Robust Urban Wireless Localization: Synergy Between Data Fusion, Modeling and Intelligent Estimation
In this paper, we present a viable Bayesian estimation alternative to mobile localization enhancement in mixed line-of-sight (LOS)/non-LOS (NLOS) urban areas. The development of the proposed approach relies on a synergistic combination of valid aggregate measurements, NLOS bias modeling and estimation, and computational intelligence. For reliable wireless positioning, we first introduce valid range measurements in which the effect of the NLOS range bias due to small-/large-scale multipath fading is limited. Subsequently, we propose a hybrid system framework with Markovian state transitions, data fusion of valid range and signal power, NLOS bias modeling, and fuzzy inferences for modeling the dynamics of a mobile station (MS) with respect to each base station (BS).

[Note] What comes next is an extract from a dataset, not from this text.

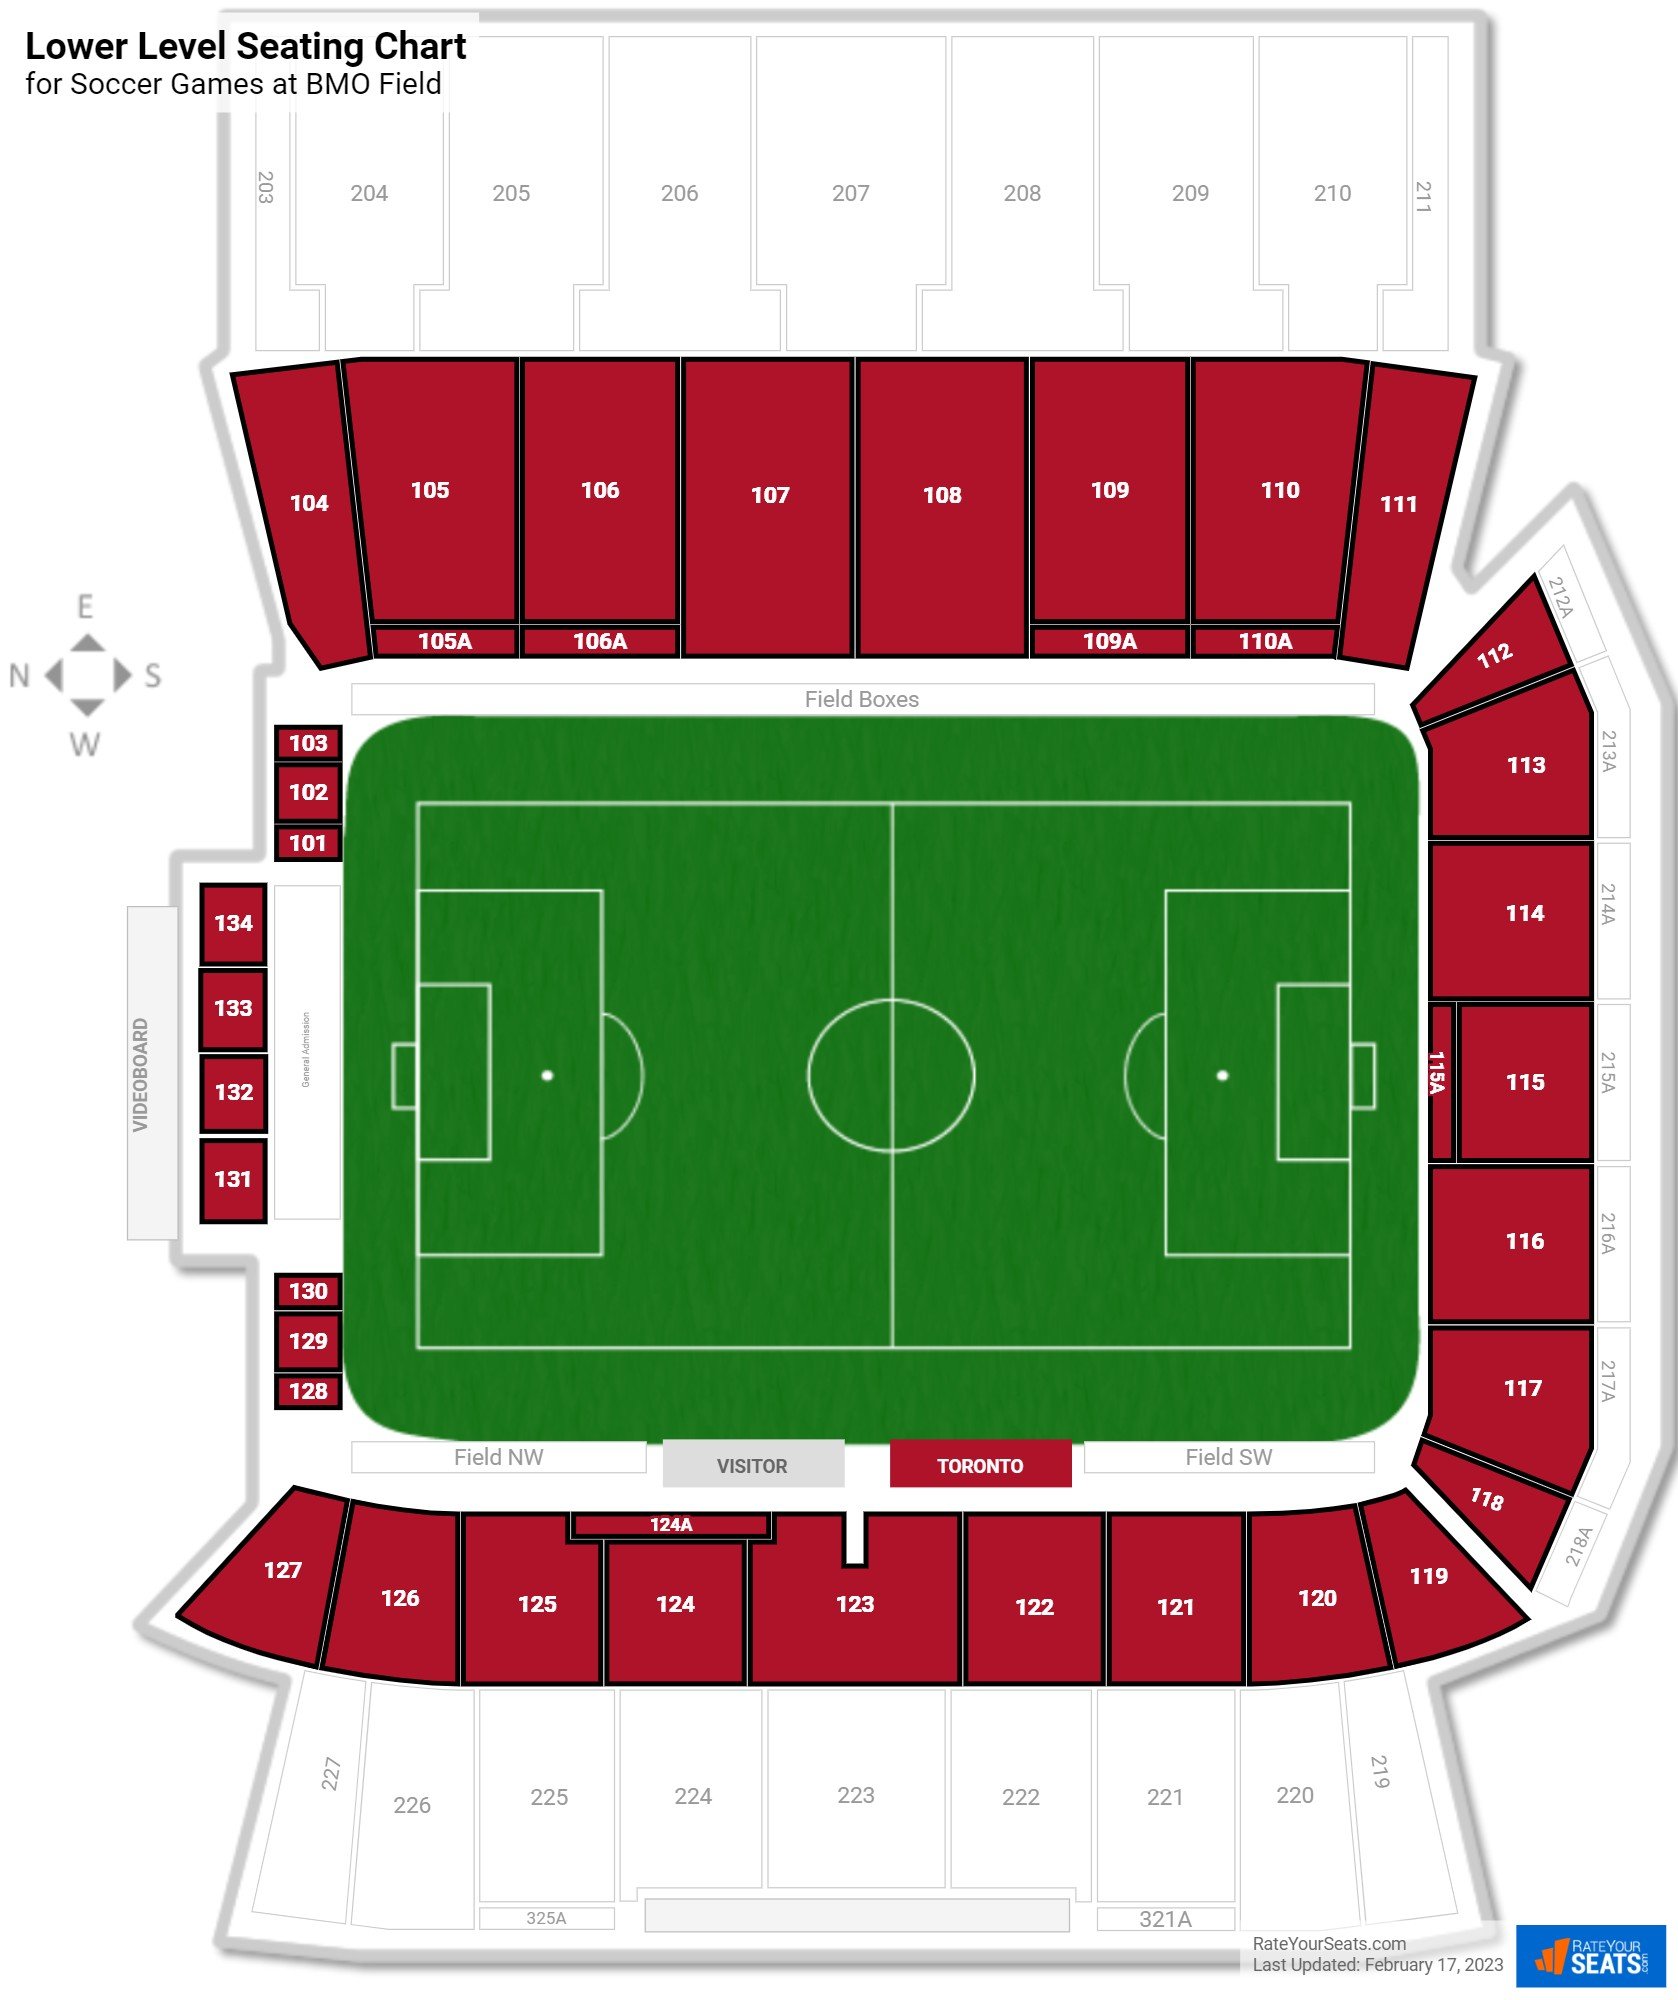 Soccer Lower Level Seating Chart at BMO Field

The proposed framework enables us to develop a selective fuzzy-tuned extended Kalman filtering based interacting multiple-model (SFT-IMM-EKF) algorithm for each BS to perform mobile location estimation. We show that due to the synergistic effects, the proposed SFT-IMM-EKF can remarkably improve the IMM, the SFT-IMM and the IMM-EKF. The result is substantiated by numerical simulations. As well, it is demonstrated that the proposed algorithm can robustly leverage against the adverse impacts of severe NLOS errors and MS mobility variations.